Impact/effort matrix
An Impact/Effort Matrix is a quadrant model that ranks initiatives by impact and effort.
How the Impact/Effort Matrix is supposed to work
It is meant as a rough strategic planning tool that can separate high net-value initiatives (easy wins) from low net-value initiatives (money pit). Itamar Gilad explains that it does not work because we cannot reliably estimate effort or impact. Many of the identified high-impact, low-effort initiatives will turn out to be low-impact and high-effort. They are also likely to have no impact or a negative impact. Thus, he suggests the matrix is more like this:
Impact/Effort Matrix in practice
The reason to use a tool like the Impact/Effort Matrix is to combat the bias in favour of pet projects. However, because the impact assessment is entirely subjective people simply push their pet projects to the high-impact side. Every matrix ends up looking like this:
Thus we learn nothing about how to prioritize investments.
Impact mapping
Impact mapping is another technique that attempts to solve the same investment decision problem.

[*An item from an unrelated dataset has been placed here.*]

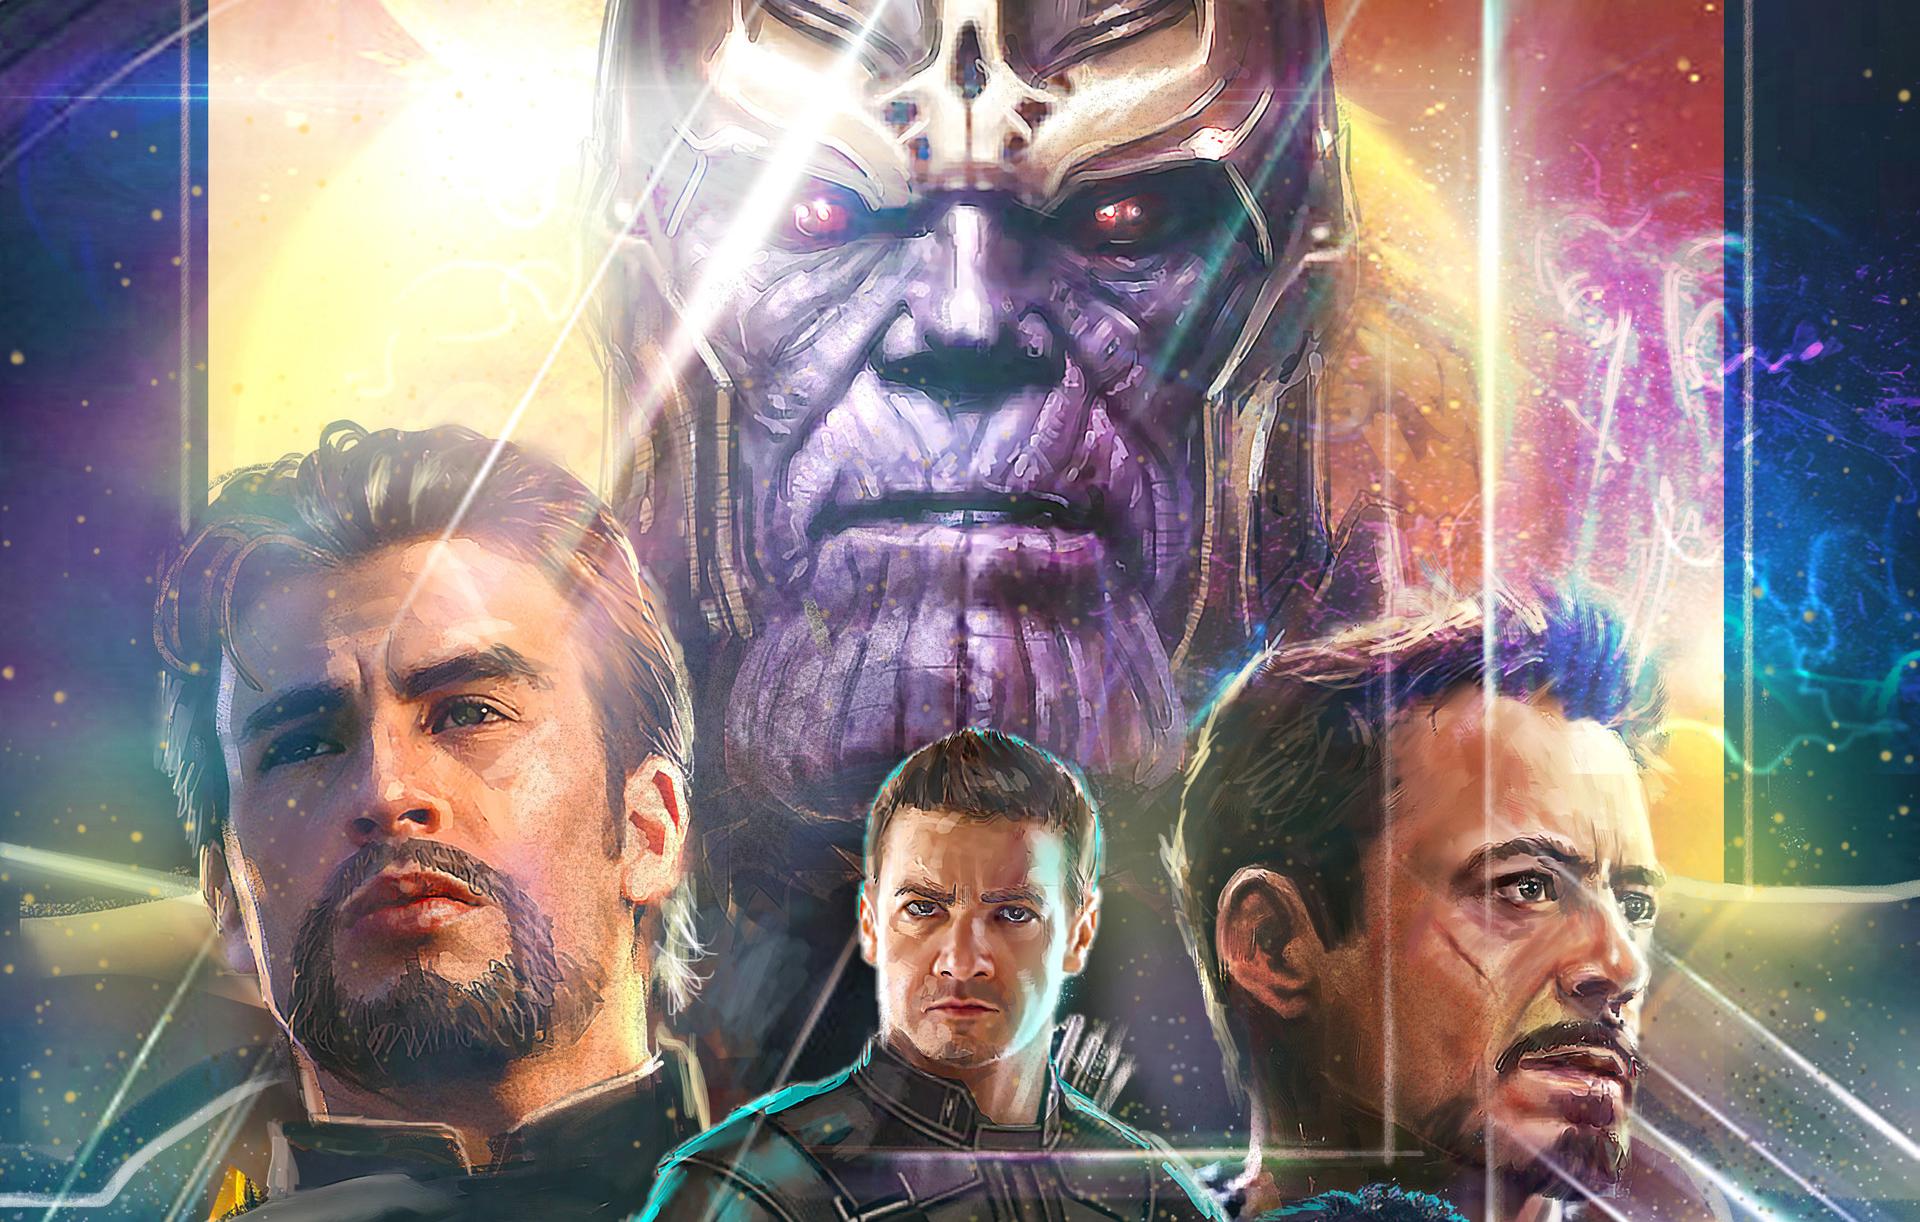 Wallpaper Thanos Avengers Infinity War Artwork Hd: Thanos Iron Man Captain America Hawkeye In Avengers
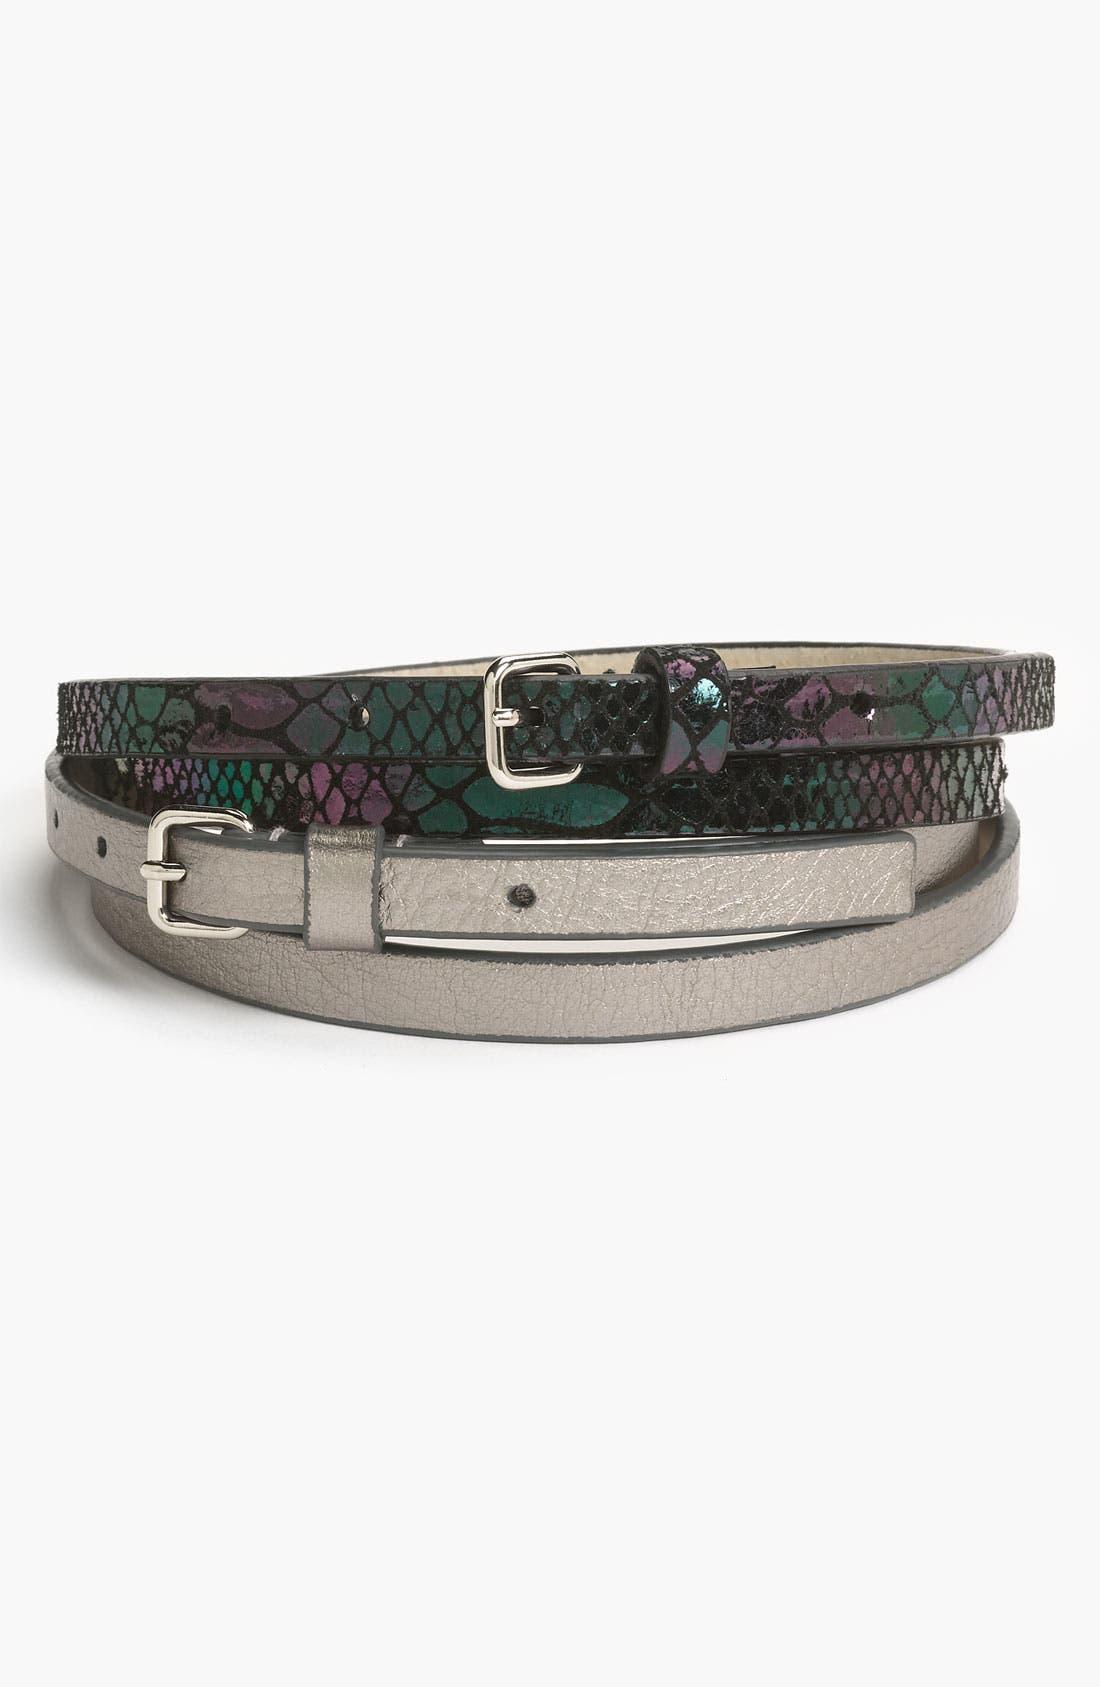 Alternate Image 1 Selected - Lodis '2-Fer' Leather Belts

from https://www.impactmapping.org/drawing.html
Rather than a subjective assessment of impact, Impact Mapping requires a causal mapping of initiatives to goals. Instead of simply saying, “chats will be high impact” I have to make the case that implementing chats will cause the super-fans with mobile devices to stay longer thus growing mobile advertising. In this way Impact mapping is a collaborative strategic planning tool that documents not just what we might do, but why and how that thing will be useful.
Each step in the chain forms a hypothesis, that can be validated by an experiment, such as user testing with a prototype, an MVP or an A/B test. They can be formulated into the “Feature Hypothesis Statement Template” (from Lean UX):
To use the previous example:
We belienve growing mobile advertising will be achieved if super-fans with mobile devices successfully achieve staying longer with chats.
Impact Mapping provides a structured framework for evaluating things we might do. It doesn’t magically deliver an optimal investment plan but it does surface the assumptions we are using, allowing us to test them, track them, and correct them when they turn out to be wrong.